Editor's Note: The 18th International Conference on Malignant Lymphoma (ICML) was held, gathering top experts in the lymphoma field in Lugano. At the prestigious John Ultmann Memorial Lecture, Professor Emanuele Zucca, co-founder and Scientific Director of the International Extranodal Lymphoma Study Group (IELSG), delivered a keynote report titled "Extranodal Lymphomas: Improving Prognosis Through International Collaborative Research." This article, based on Professor Zucca's presentation, systematically reviews how investigator-initiated international collaborative studies over the past three decades have revolutionized the understanding and treatment paradigms of extranodal lymphomas, aiming to provide profound insights for clinical and research colleagues.

Legacy and Tribute

Professor Emanuele Zucca. Since his graduation from the University of Milan in 1983, Professor Zucca has been dedicated to clinical research. With his profound expertise in clinical pharmacology and molecular pathology, along with his exceptional skills in international collaboration and clinical trial design, he has become a globally recognized leader in lymphoma research. He co-founded and leads the IELSG, transforming it from a loose coalition of young researchers into an international academic organization capable of conducting practice-changing clinical trials.


The Origin and Development of IELSG: Collaborative Research Driving Breakthroughs in Rare Diseases

Professor Zucca’s report began with the story of IELSG’s inception, profoundly illustrating the power of academic collaboration. He pointed out that the prognosis of extranodal lymphomas is not necessarily inferior to that of lymphomas originating in the lymph nodes; rather, the anatomical site and histological type are more critical prognostic factors. However, due to the limited number of cases at single centers, in-depth research on site-specific extranodal lymphomas once faced significant challenges.

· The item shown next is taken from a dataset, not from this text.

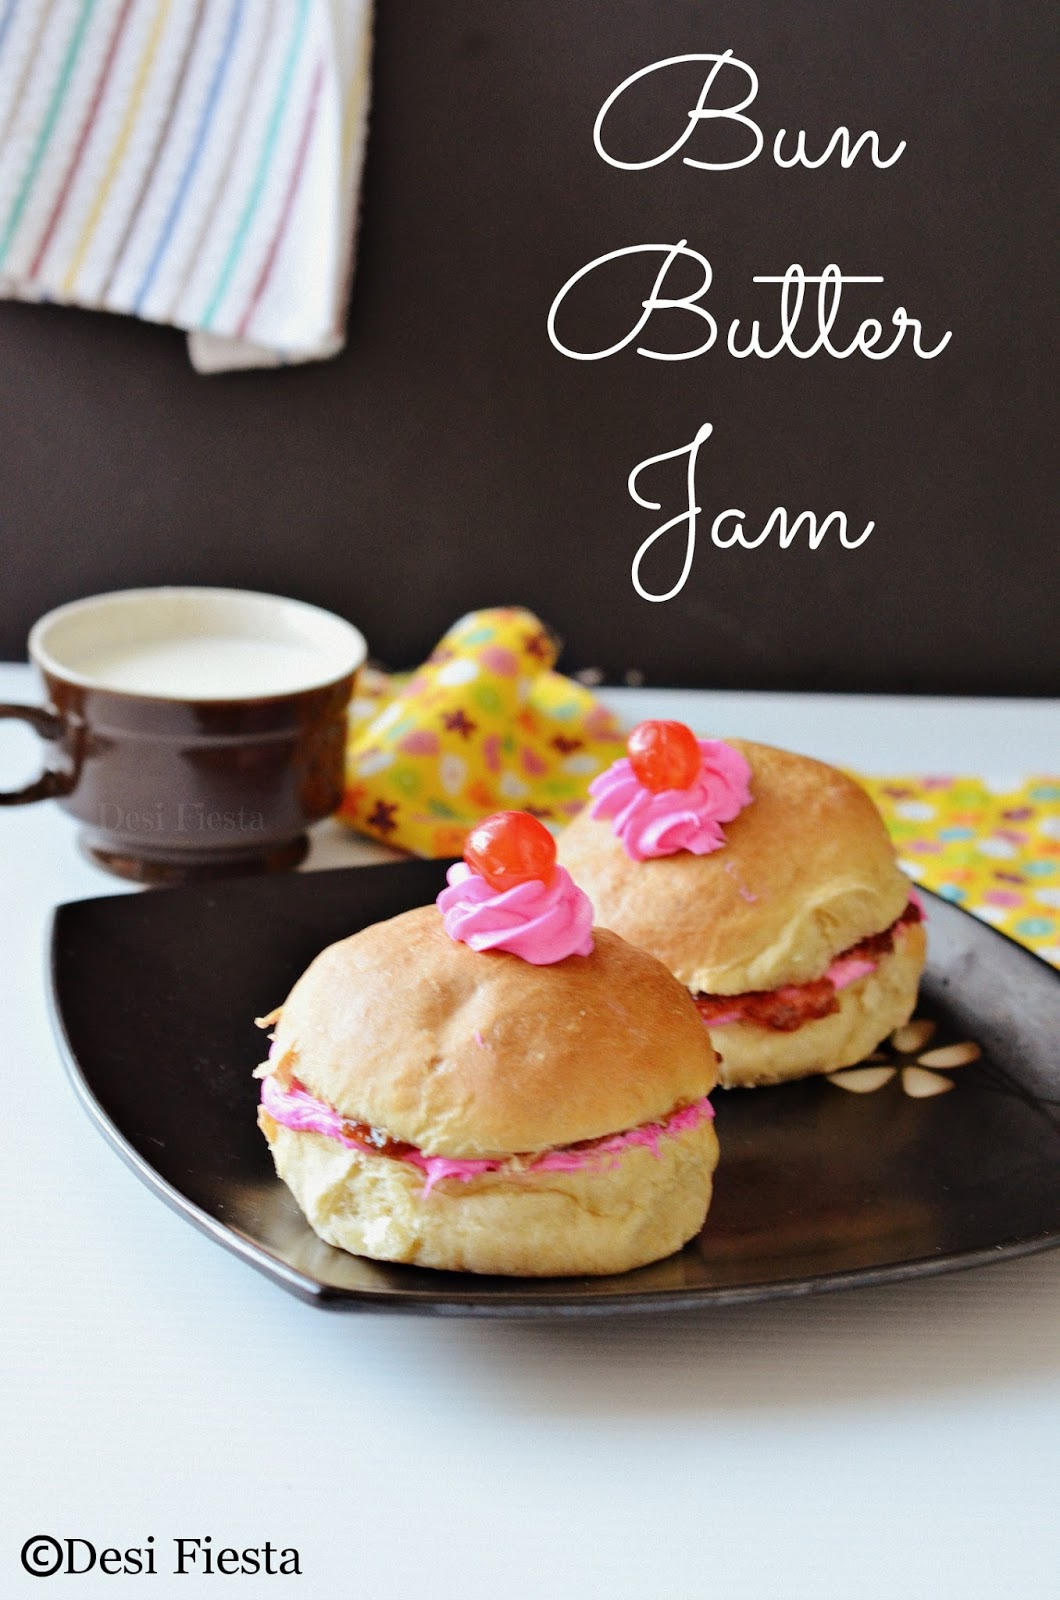 Indian bakery, Bun Butter jam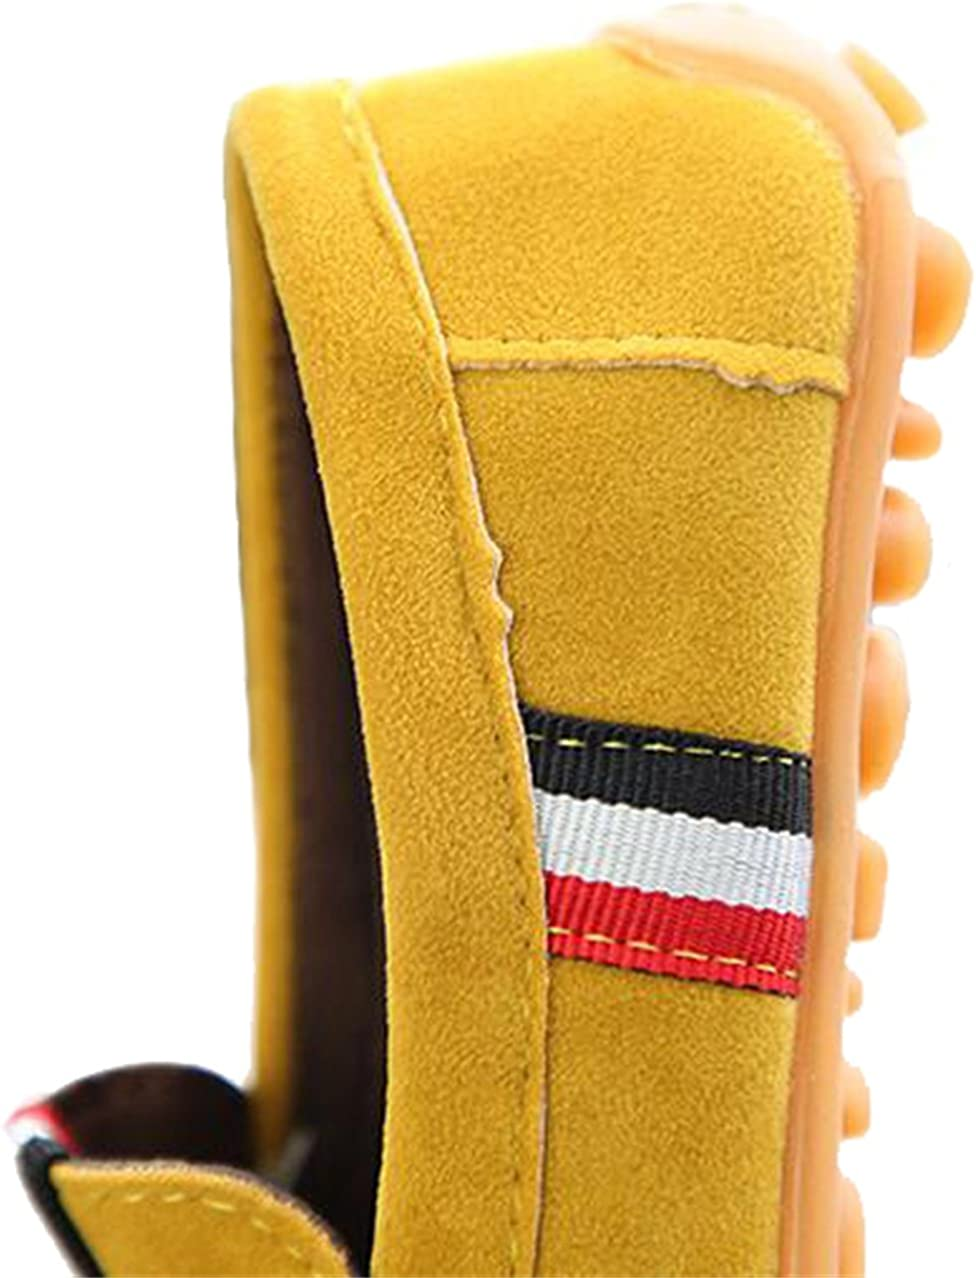 PPXID Mixte Enfant Chaussure Bateau Loisirs Confort Plates Loafers Chaussures

The turning point occurred at a pre-ICML workshop in 1993, where Professor Isaacson’s pioneering data on inducing remission in gastric mucosa-associated lymphoid tissue (MALT) lymphoma by eradicating Helicobacter pylori (H. pylori) was first disclosed. This discovery ignited the research passion of Professor Zucca and his colleagues. They quickly followed up, not only becoming one of the first academic teams to validate this hypothesis but also confirming through molecular studies that the lymphoma cells originated from B cells selected by H. pylori infection. Based on these early results, a collaborative network of passionate young researchers was formed, with the selfless support of senior mentors like Cavalli, Coiffier, and Monserrat. The IELSG was founded precisely to pool global cases and expertise to answer clinical and biological questions that no single institution could resolve. Today, the IELSG brings together over 350 research institutions worldwide, has enrolled more than 8,500 patients, and its research findings have profoundly influenced global clinical practice.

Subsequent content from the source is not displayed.